И всего страшнее то, что это всемирно-историческое отступление христианства от Христа в общественно-политической жизни мира происходило в совершенной слепоте, вне сознания церкви. Церковь не видела и доселе не видит, куда она идет, куда ее ведет другой. Отрекаясь в своем сознании от всякой политики, она бессознательно поддерживала худшую из всех политик, политику вечной косности, вечного рабства, политику Князя мира сего, грядущего Хама, который хочет скрыть лицо свое под личиной грядущего Господа.
Так было, есть и будет, пока историческое христианство не сделается апокалипсическим, пока оно не перейдет от метафизики раздвоения к метафизике соединения, от религии двух, которые никогда не будут едино, к религии трех, которые суть едино.
На предстоящем соборе русская церковь найдет ли в себе силу разрешить этот вопрос об отношении христианства к общественности, раскрыть нераскрытую двумя тысячелетиями церковной истории апокалипсическую правду о земле, о плоти, о спасении общественном, о Богочеловеке в богочеловечестве? Есть ли вообще в русской церкви и во всем историческом христианстве какая-либо возможность для такого перехода к христианству апокалипсическому?
Утверждаю с полным сознанием великой трудности и ответственности такого утверждения: Да, есть.
Но для того чтобы эта возможность осуществилась, необходимо, чтобы русская церковь, сознательно порвав связь с отжившими формами русской самодержавной государственности, вступила в союз с русским народом и с русской интеллигенцией и приняла активное участие в борьбе за великое общественно-политическое обновление и освобождение России.

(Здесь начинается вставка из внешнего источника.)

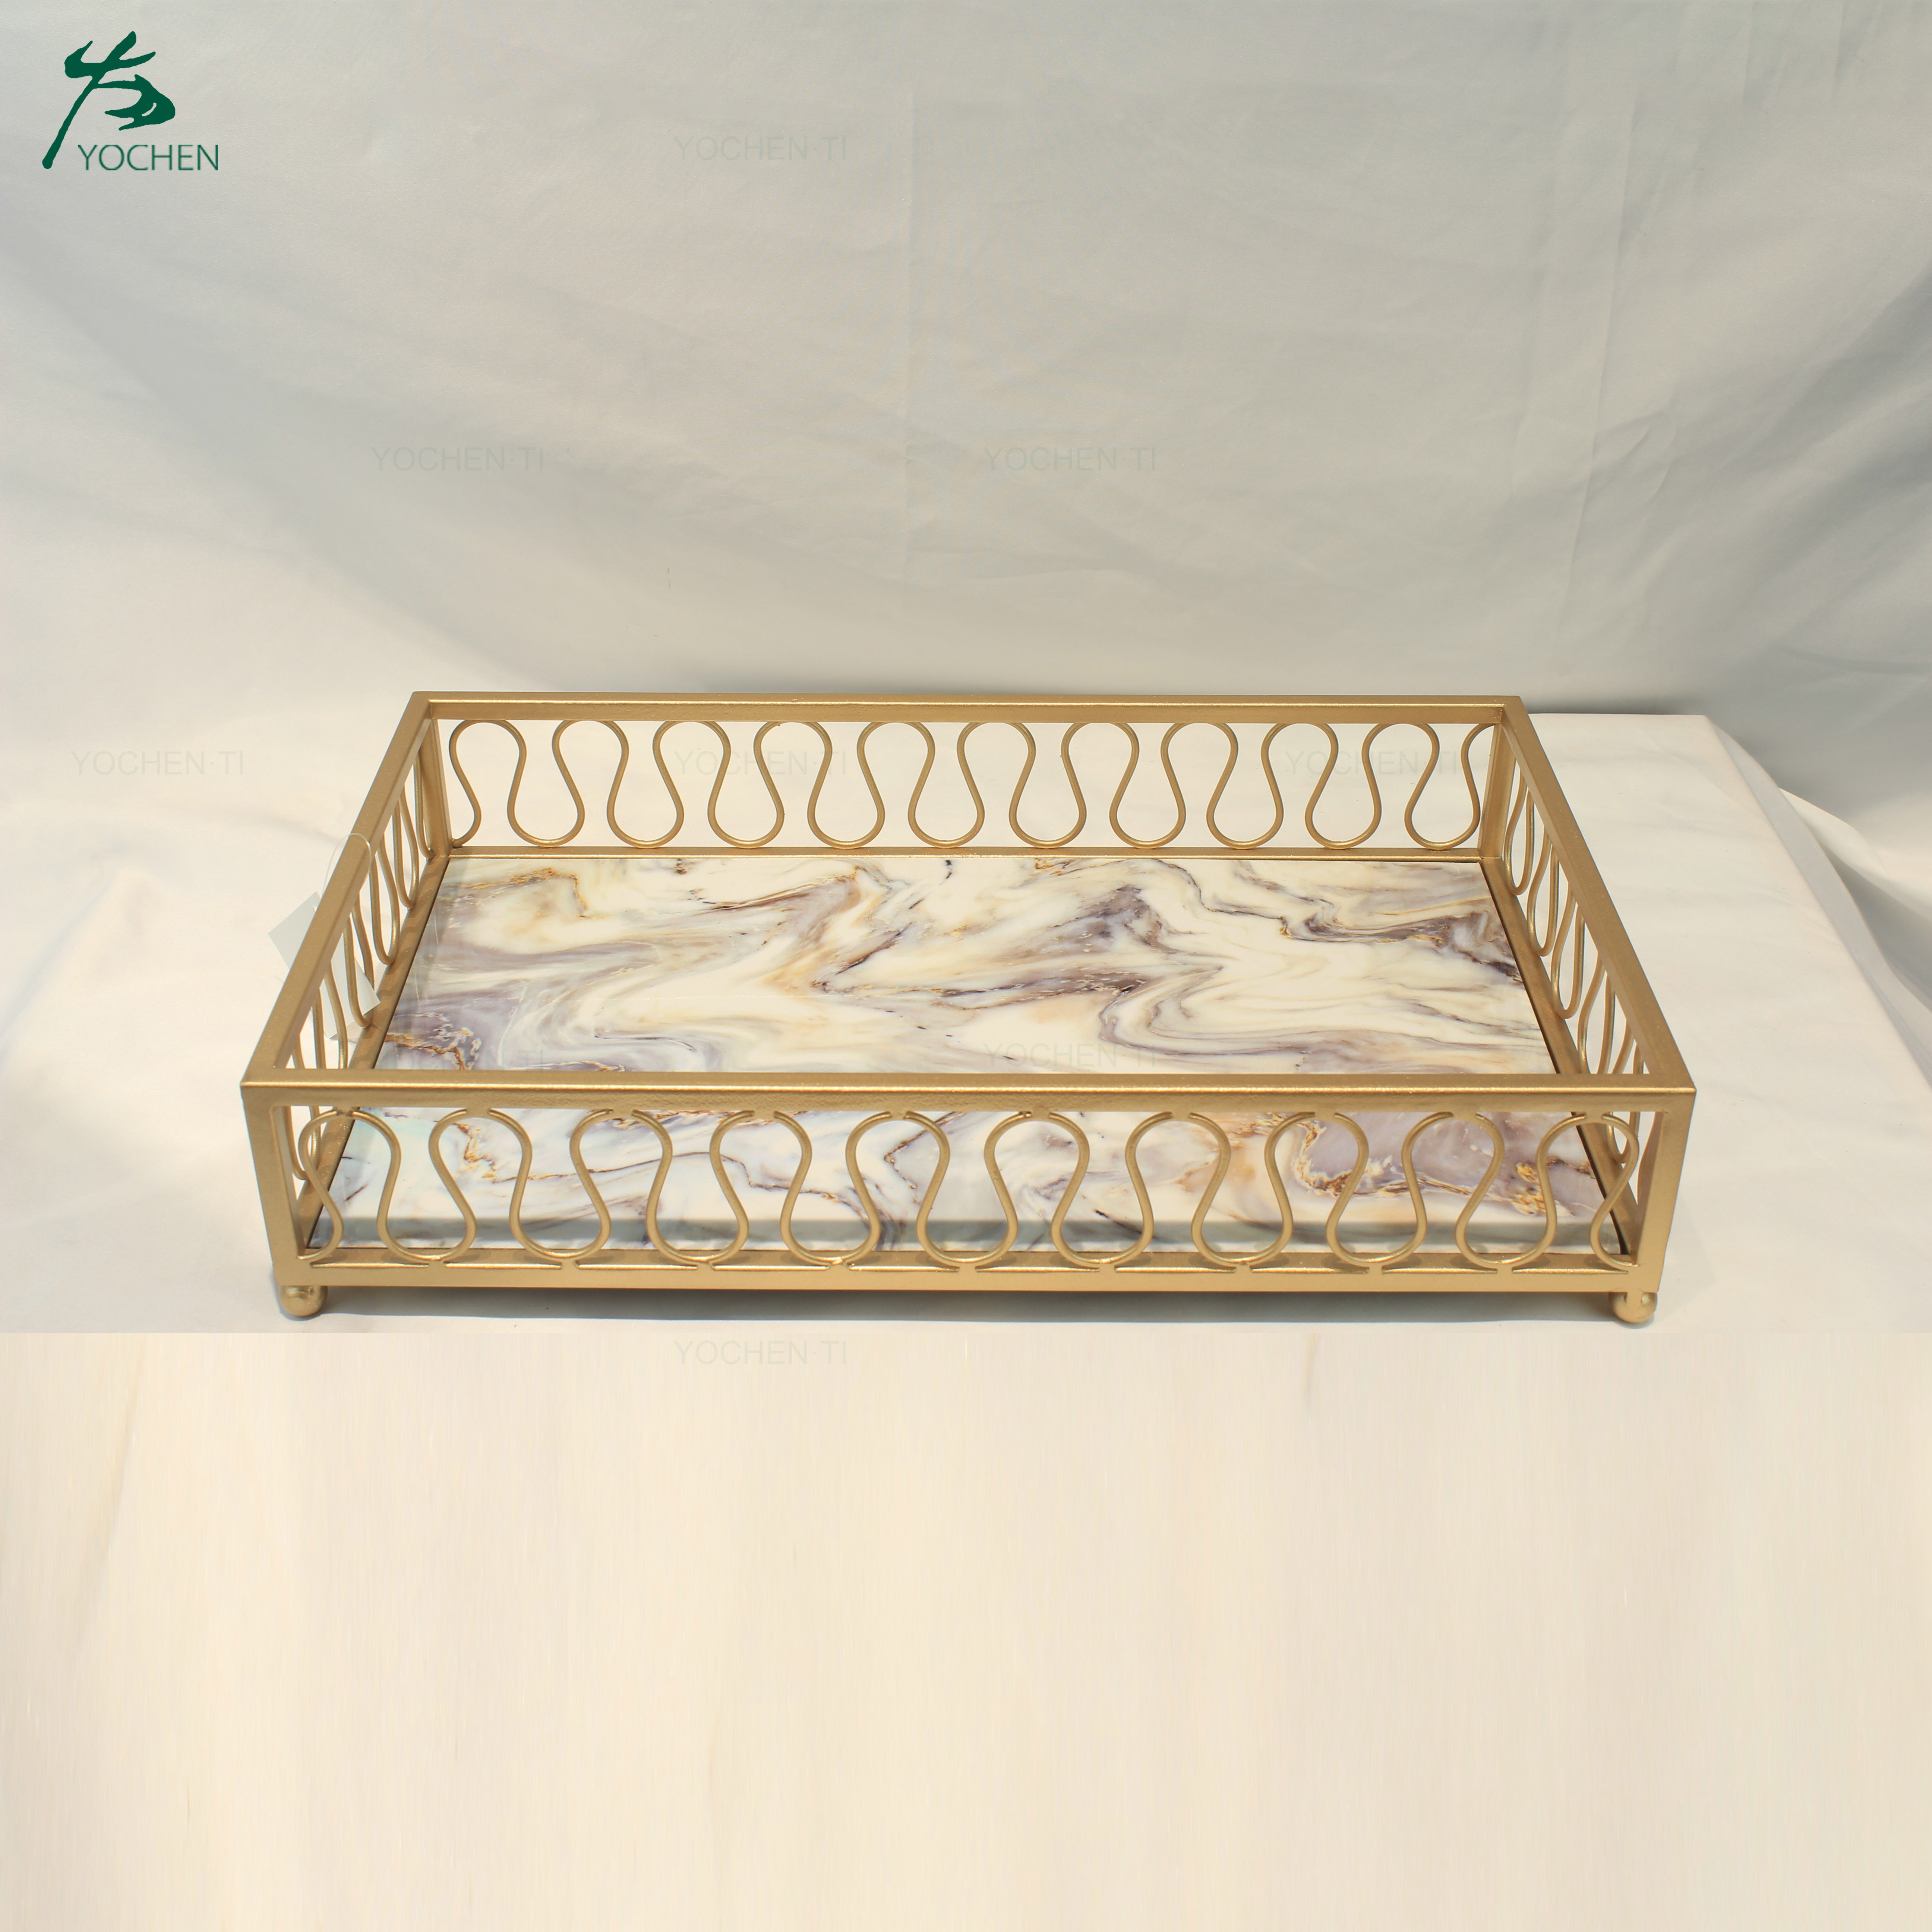 Customized Hotsale Luxury Rectangle Marble Tray Fruit Plate Metal Service Tray Gold Plated

Русский народ самый атеистический из всех народов, — утверждал Белинский. Русский народ самый мистический из всех народов, — утверждал Достоевский. Кто из них прав? Или, может быть, оба правы? Может быть, нет народа, более жаждущего религии и менее утолившего эту жажду, чем русский народ. Огромное и постоянно разрастающееся движение сектантства показывает, до какой степени религиозная потребность народа не удовлетворена предлагаемым церковью содержанием исторического христианства. Все вопросы, которые ставятся сектантством, — пусть неправильно, невежественно, грубо, дико — проблема пола в хлыстовстве и скопчестве, проблема духа и плоти в духоборчестве, проблема общественности, осуждения мирской безбожной власти, насилия военного и государственного в штундизме, — суть подлинные вопросы, имеющие подлинное отношение к самой глубокой метафизике исторического христианства и разрешимые только в иной, высшей плоскости христианства апокалипсического. Всего замечательнее то, что сектантство началось в старообрядчестве. Именно там, где народ остался наиболее верен своей старине церковной, он и почувствовал наибольшую необходимость религиозного обновления. Да и само старообрядчество, — «древлее благочестие», со своим добровольным мученичеством — самосожжениями в срубах, со своим ожиданием конца мира и второго пришествия, со своим бунтом против всей государственно-церковной жизни новой России, как воплощения «духа антихристова», — есть небывалое во всемирной истории возрождение эсхатологического самочувствия первых веков христианства. Апокалипсис нигде никогда не был если не понят, то почувствован так, как в русском старообрядчестве, то есть в самой темной, бессознательной, но, может быть, и самой пламенной религиозной стихии русского народа. «Русский народ весь в православии» — это одно из наиболее парадоксальных утверждений Достоевского. Русский народ весь — не в сектантстве, не в старообрядчестве, не в православии и даже не в историческом христианстве вообще, а в живой любви к живому Христу. Русский народ верит, что Христос спасет его и никто не спасет, кроме Христа.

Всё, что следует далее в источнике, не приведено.